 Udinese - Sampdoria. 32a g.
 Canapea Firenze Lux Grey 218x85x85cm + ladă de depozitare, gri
━━━━━━━━━━━━━━━━━━━━━━━━━━━━━━
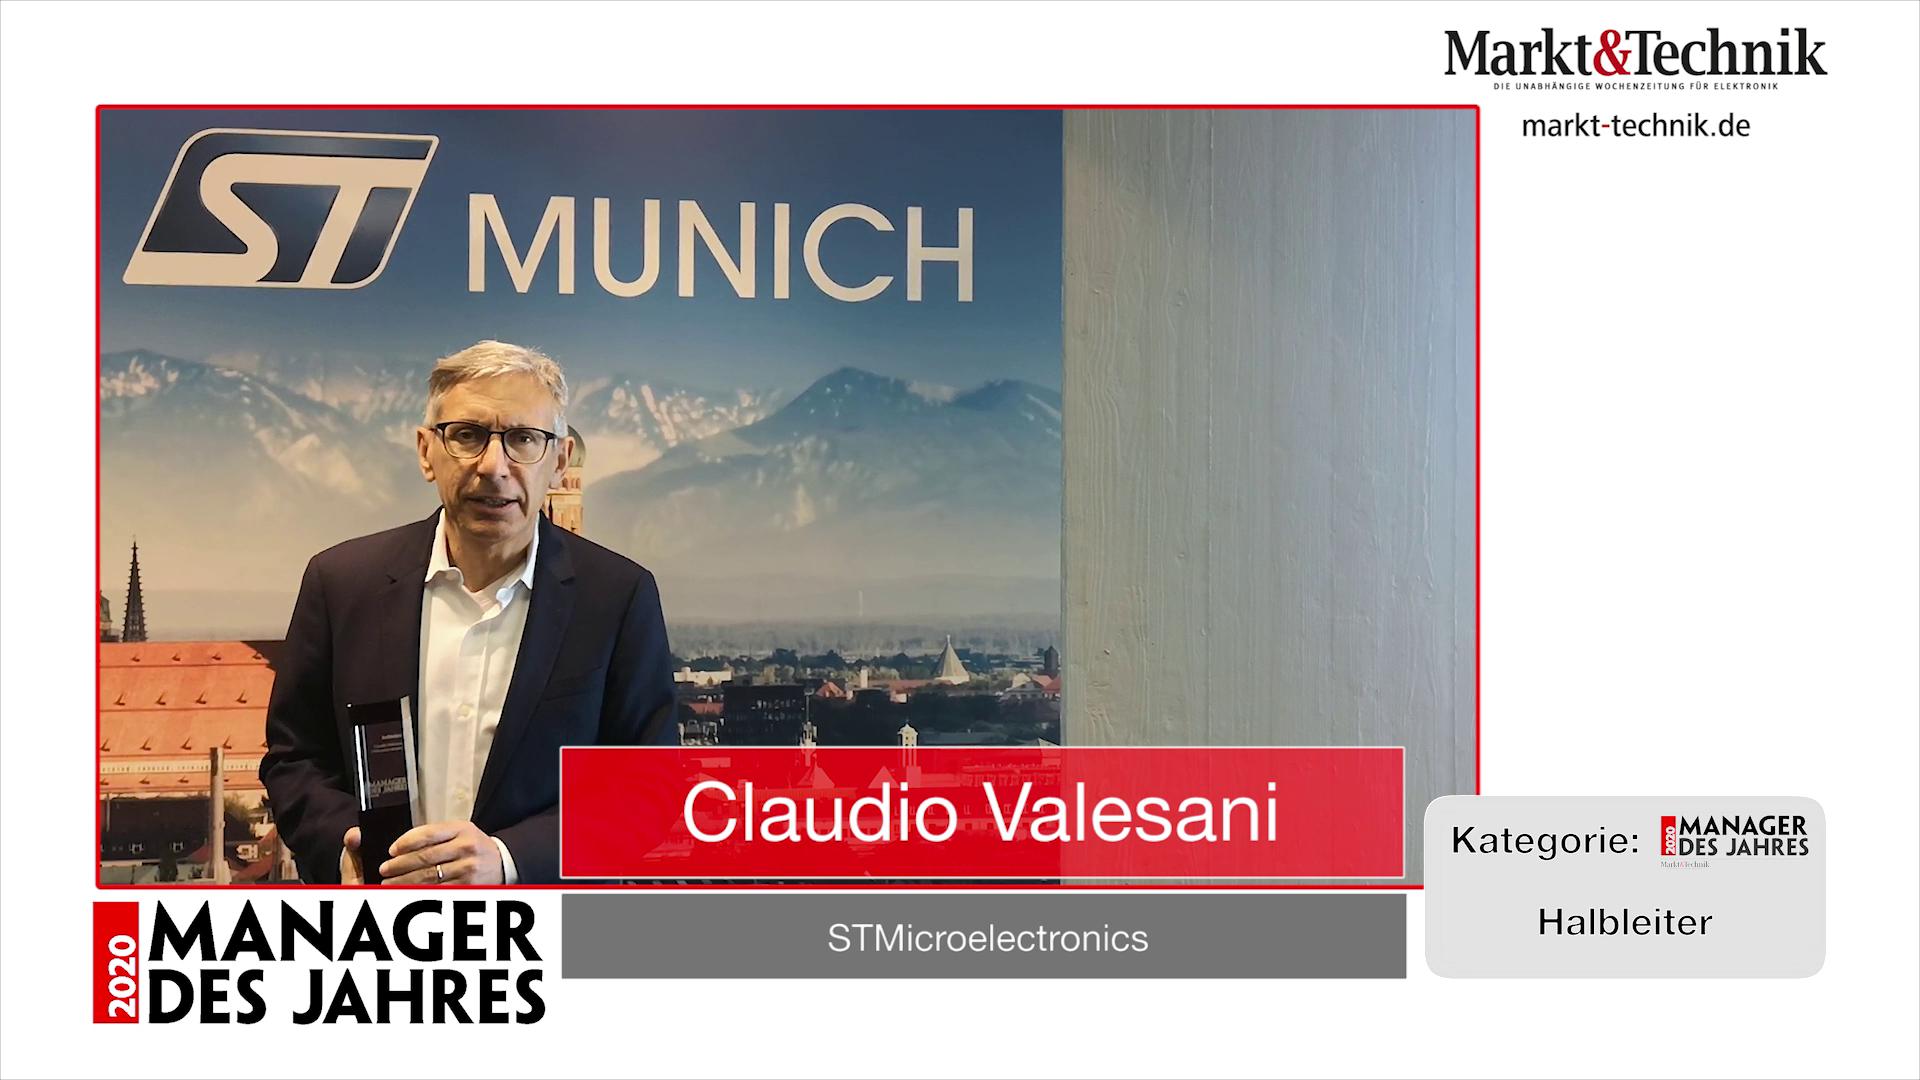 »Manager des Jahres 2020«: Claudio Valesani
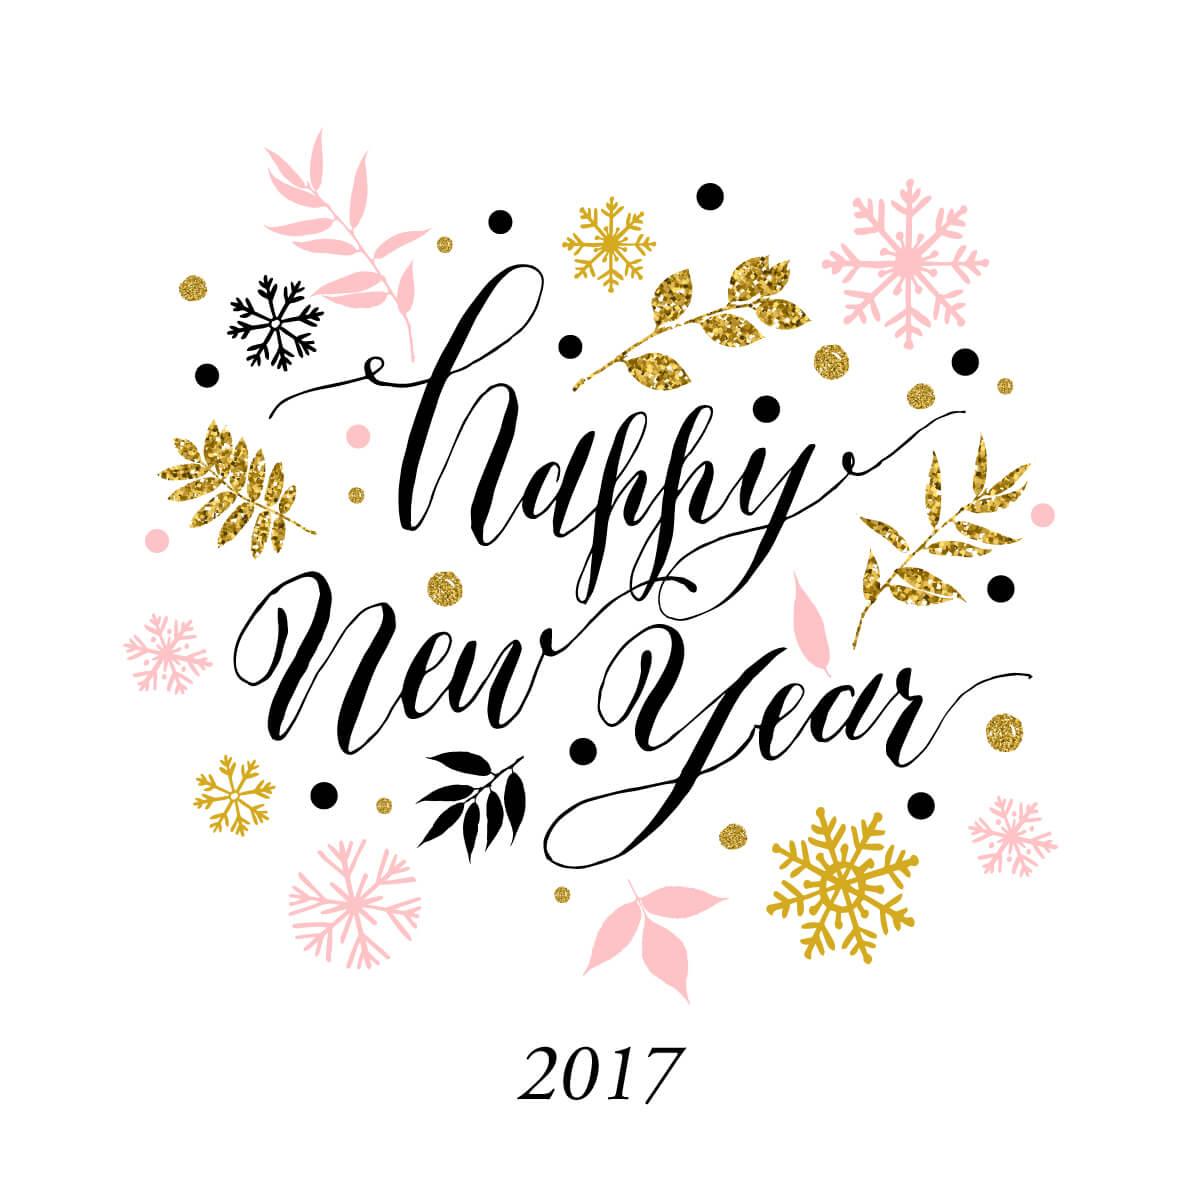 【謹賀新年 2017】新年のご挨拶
━━━━━━━━━━━━━━━━━━━━━━━━━━━━━━
## WHAT IS NEEDED
From the data above, reproduce word for word the lines running from the line with "Udinese - Sampdoria. 32a g." to the line with "Canapea Firenze Lux", ends included.

## FINISHED TASK
 Udinese - Sampdoria. 32a g.
 Canapea Firenze Lux Grey 218x85x85cm + ladă de depozitare, gri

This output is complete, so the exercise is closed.